Skip to content.
Return to Department of Building and Housing home page.

*ARCHIVE* - Weathertightness News - No. 6, April 2004

What's inside

  1. Cavities are here to stay
  2. Lessons learned from the first weathertightness determinations
  3. Making sense of the latest weathertightness statistics

Cavities Are Here to Stay

Philip O'Sullivan, Director of Prendos Limited and member of the E2/AS1 working group, believes cavities are here to stay and with good reason.

Cavity-based claddings utilising timber weatherboards, brick veneer or some other cladding material such as fibrecement, are here to stay. Will we return to non-cavity solutions? Europe, Scandinavia and now Canada know that a cavity is the best means of achieving weathertightness. In years to come we will look back with a mix of horror and embarrassment at how we used to build.

The cladding sheds rainwater, so care in design and construction remains necessary. The cavity backs this up by firstly separating potentially damp claddings from the structure and then quickly allowing water to escape by drainage and drying.
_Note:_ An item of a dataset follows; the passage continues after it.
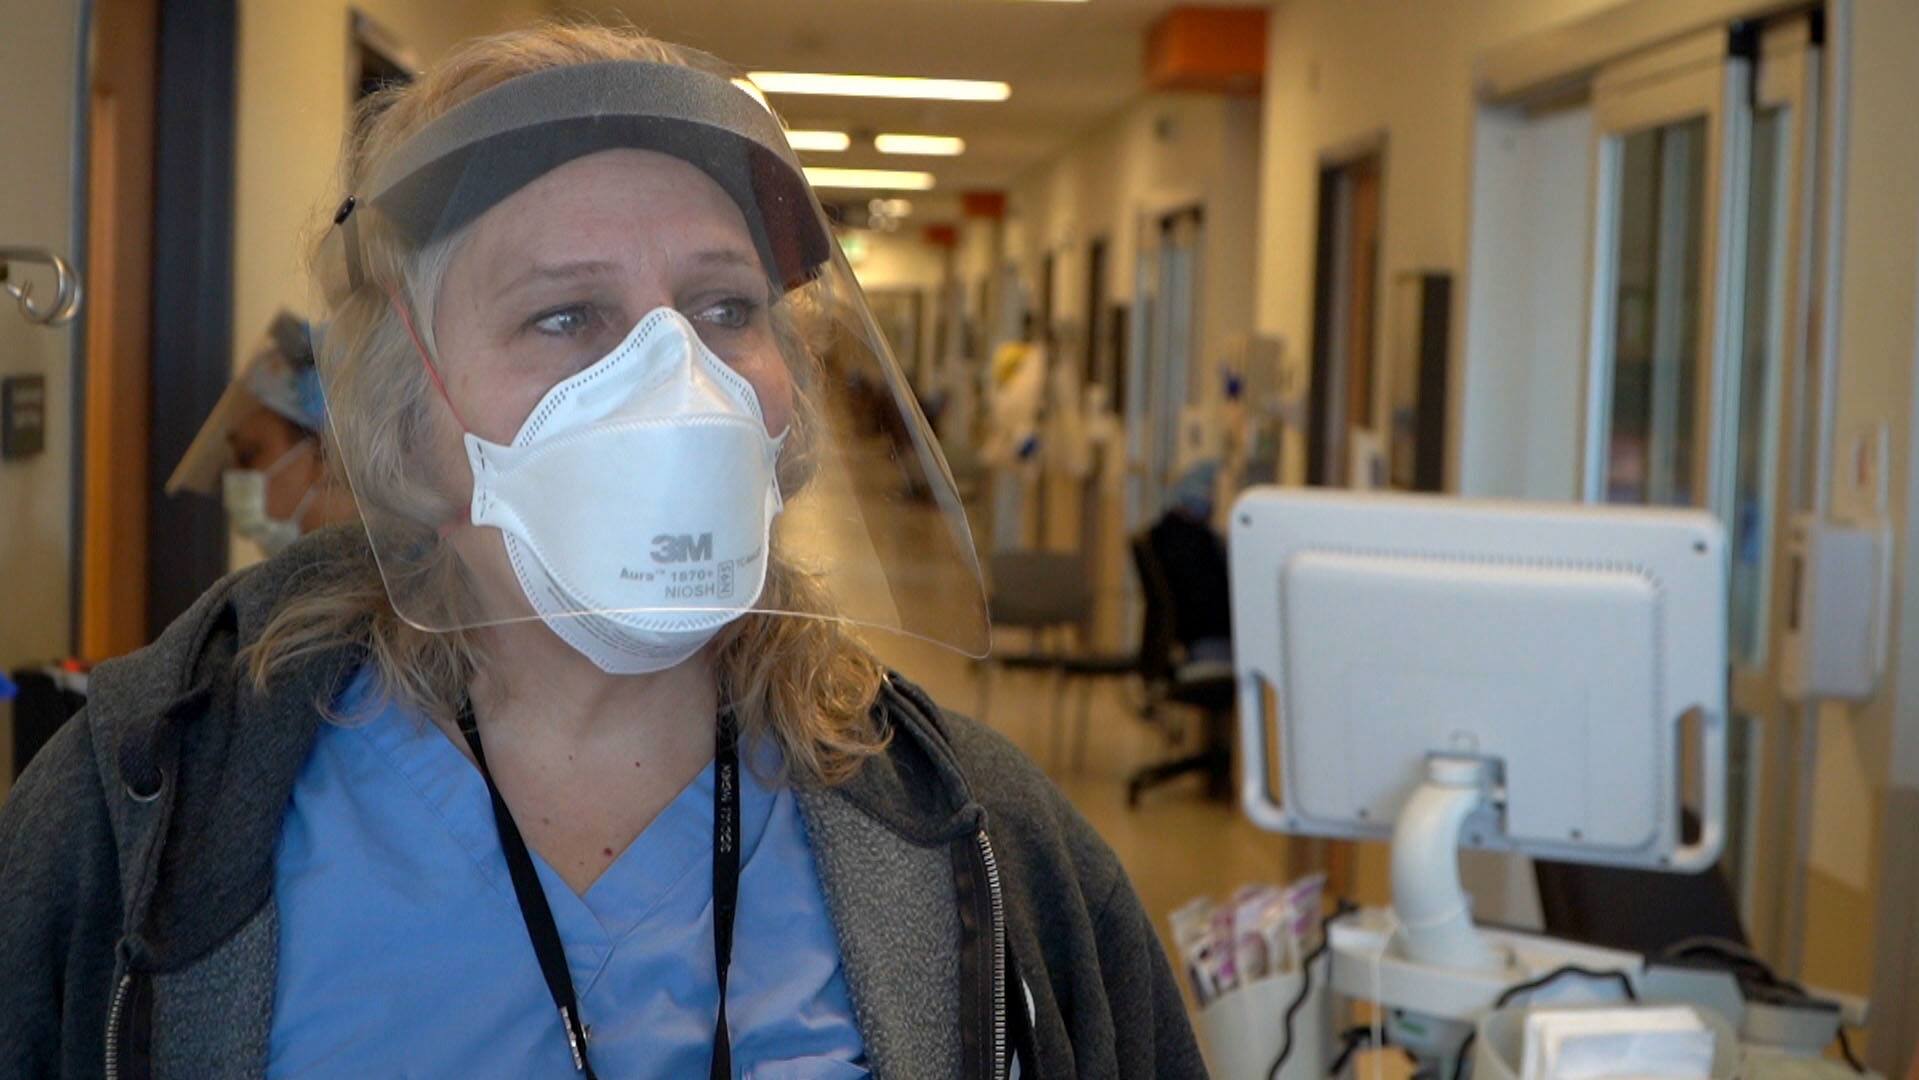 This is what the latest pandemic wave is like for the ICU team at Humber River Hospital

Claddings directly fixed to the framing, with the building wrap sandwiched between, accumulate and retain leakage moisture for months.

Cavities have become the norm, but there are teething problems and differing views. Should horizontal nog battens be allowed? Should the top of cavities be vented? Such questions will be answered in time.
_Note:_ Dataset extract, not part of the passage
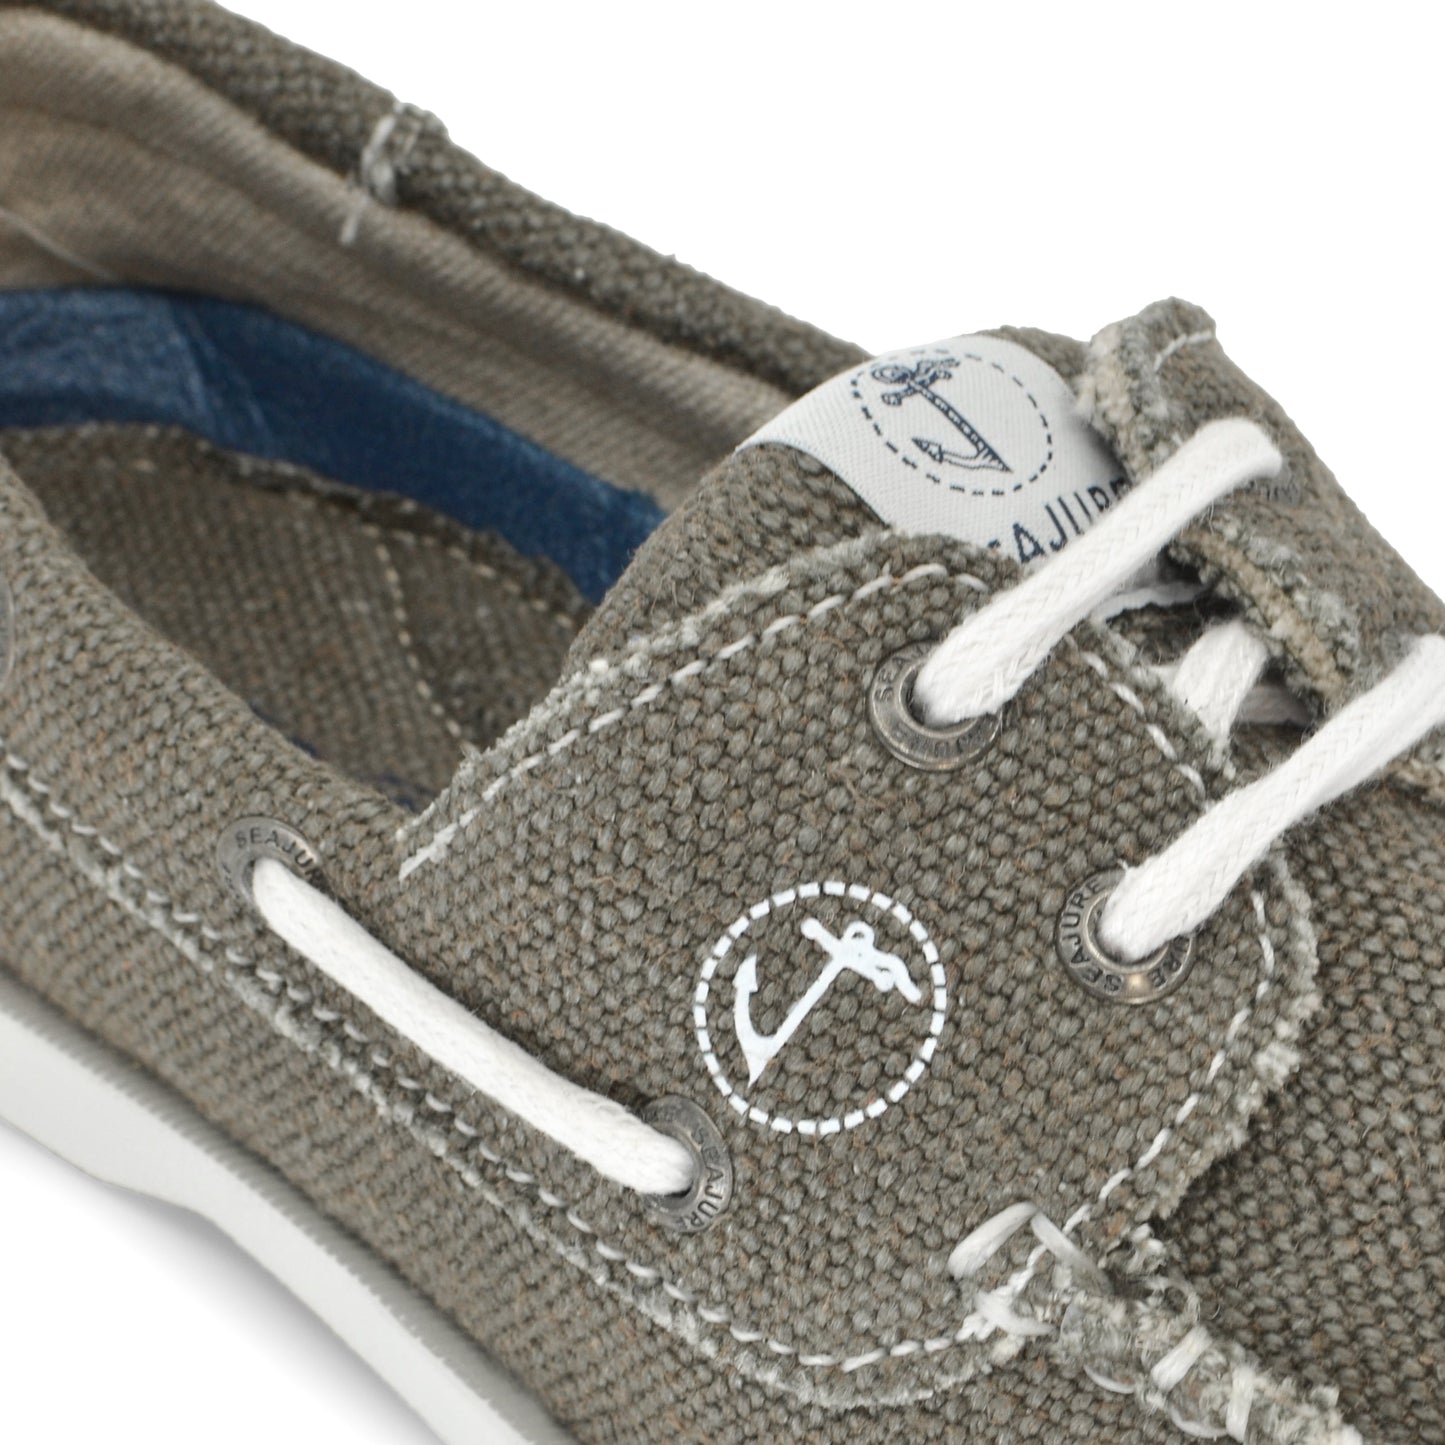 Close-up of a grey Amethyst Hestia Men Hemp & Vegan Boat Shoe Scopello with white laces and an anchor logo on the side. The shoe, made from premium hemp, displays visible stitching and a small tag near the laces.

The proposed BIA documents, Acceptable Solution E2/AS1 and Verification Method E2/VM1, represent two important steps along the road to achieving weathertight and robust buildings. There will always be non-cavity exceptions such as unlined garages and other simple buildings - these are best evaluated on an individual basis using risk analysis.

The other key ingredient to weathertightness is durability. This includes the claddings, fixings and wraps. The durability of underlying timber is covered by B2/AS1. This requires H1.2 timber for framing in external walls, with a very limited exception for single storey brick veneer.

Recladding of apartment with cavity introduced behind fibre cement sheets and weatherboards.

I recently witnessed a large and sophisticated rain penetration test. The test aimed to validate the proposed test method described in E2/VM1 and trial many of the junction details developed for the proposed E2/AS1. Rather than a simple wall, the test panel contained two different claddings, a window, a door, a meter box, a pipe penetration and a small balcony complete with solid balustrade and scupper outlet.

While the test was an outstanding success, I am under no illusions that we - as an industry - have some way to go.

The proposed E2/AS1 is not unlike NZS 3604. No doubt it will become an essential document with its scope and content improving over time. We are proposing many new roof and wall cladding types, and for the first time decks and balconies. Many junction details are proposed too. Our proposals provide details that are buildable, durable and look good. The intention is for specific design to go hand-in-hand with the proposed E2/AS1. Junctions that depart or are not covered will need design, however, the details that are provided will form a guide for those thinking their way through difficult junctions.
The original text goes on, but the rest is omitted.